What about nested loops (multiple blocks of multiple trials)?

for loops of loops, the uniq tag for a given data point could be something like "outerLoopName.003+innerLoopName.027", which would provide a unique identifer for YAML and would be reconstructable into sequences, and extensible to loops of loops of loops.

yaml would give you a dict entry like data["outerLoopName.index+innerLoopName.index"]. your data viewer would then have to parse those keys, to reconstruct lists of lists. this format would allow a data viewer would do that parsing without ambiguity. PsychoPy or OpenSesame would just have to know how to construct such tags, based on loop names and the number of repetitions within a loop, which seems easy enough.

I think there's another way to do it, too. you can tell yaml to join the next item onto a specific list, so that you can have intervening stuff between list items. that looks to be possible. not sure yet whether that would make life easier or harder for developers, versus for end users (experimenters). or which would be more intuitive and clear. tradeoffs.
 
Or maybe the format shouldn't care *why* a particular event (e.g. trial) occured, only *when* it occurred, so it shouldn't care about the existence of loops and whether or not they nest etc.

I think its probably possible to preserve everything, seems desirable to do so. there could indeed by several ways to achieve this, I can envision at least two general approaches, one of them being the above trick. another would be to just have every item be named 'trial', and then it has an attribute 'conditions', which is a list of all the relevant the loop names. this is quite like the psyscope approach.
 
The second issue is what to do with an experiment that doesn't fit into 'trials' e.g. recording the keypresses of a subject viewing an ambiguous stimulus wouldn't be done in trials as such, and the resulting output would be a series of events, rather than an individual response.

its possible to use lists to save multiple data points within a given trial. here's an example with multiple mouse clicks within a single trial, given as lists (x, y, RT):

trial.0003:
    onset: 24.43
    type: <label>
    response:
        type: mouse
        x: [10, 20, 30, 40, 50] # list
        y: [20, 30, 40, 50, 100] # list
        RT.ms: [543, 1033, 3449, 5467, 6587] # list; all lists should be the same length
        click_on: release
        button: left
        sample: clicks
 
3. a new package for viewing/exporting and batch analysis (akin to E-DataAid)

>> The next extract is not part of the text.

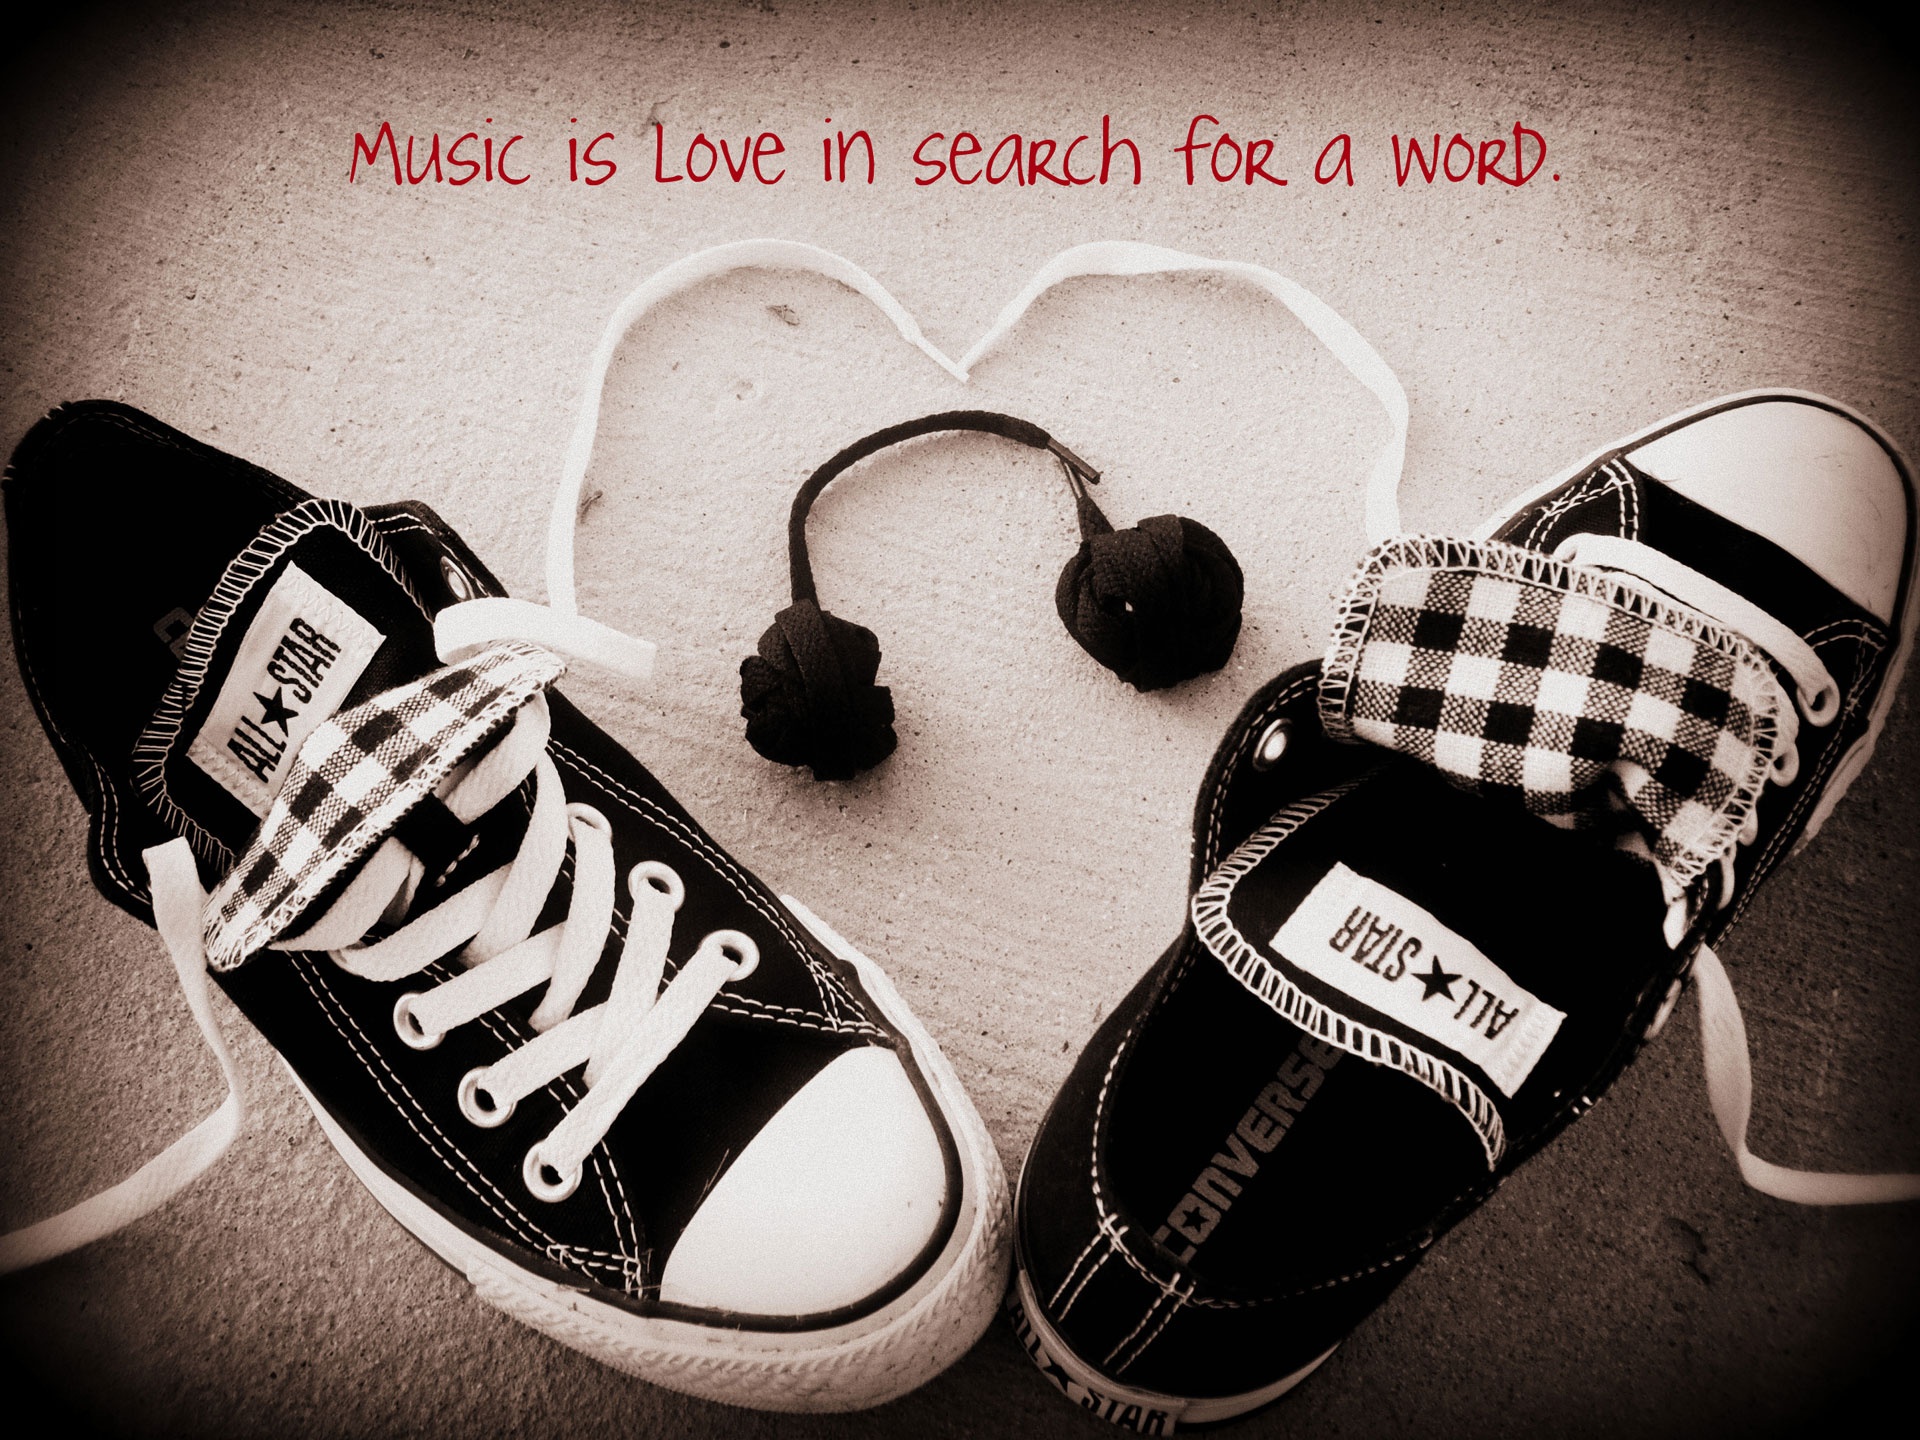 1920x1440 Music Is Love wallpaper, music and dance wallpapers

This sounds interesting, but could snowball. I guess the question would be how to focus on the aspects that aren't already done by other packages (like excel or SPSS). Going down that route will always result in complaints that the viewer can't do <insert feature of excel/spss that hasn't been implemented yet>. Also it potentially stops users/students from learning how to use those more-general packages. If they can run the repeated-measures ANOVA in the new data viewer, they don't learn to use a stats package and then get stuck when the viewer can't do a mixed-design ANOVA. So I think it could be dangerous.

good considerations! I had not really thought about that part at all. I agree that its not necessary to provide real stats, and it could even be undesirable to do so. and its less work to not include that, so I love it :-)
 
*But* there are some things that might be very useful here, like having a viewer to;
    - export to other different formats (right now a psychopy 'psydat' file can then be reopened and saved to .csv or .xlsx but I bet nobody ever did that because they have to write a script for it
    - combine data from multiple runs, or repeat an analysis over multiple files
    - export a copy of the original experiment file. I was planning for PsychoPy to start saving the experiment inside the data file. Again, users will never make use of that unless they can load the file into a viewer and see a button that says something like "Export Experiment File"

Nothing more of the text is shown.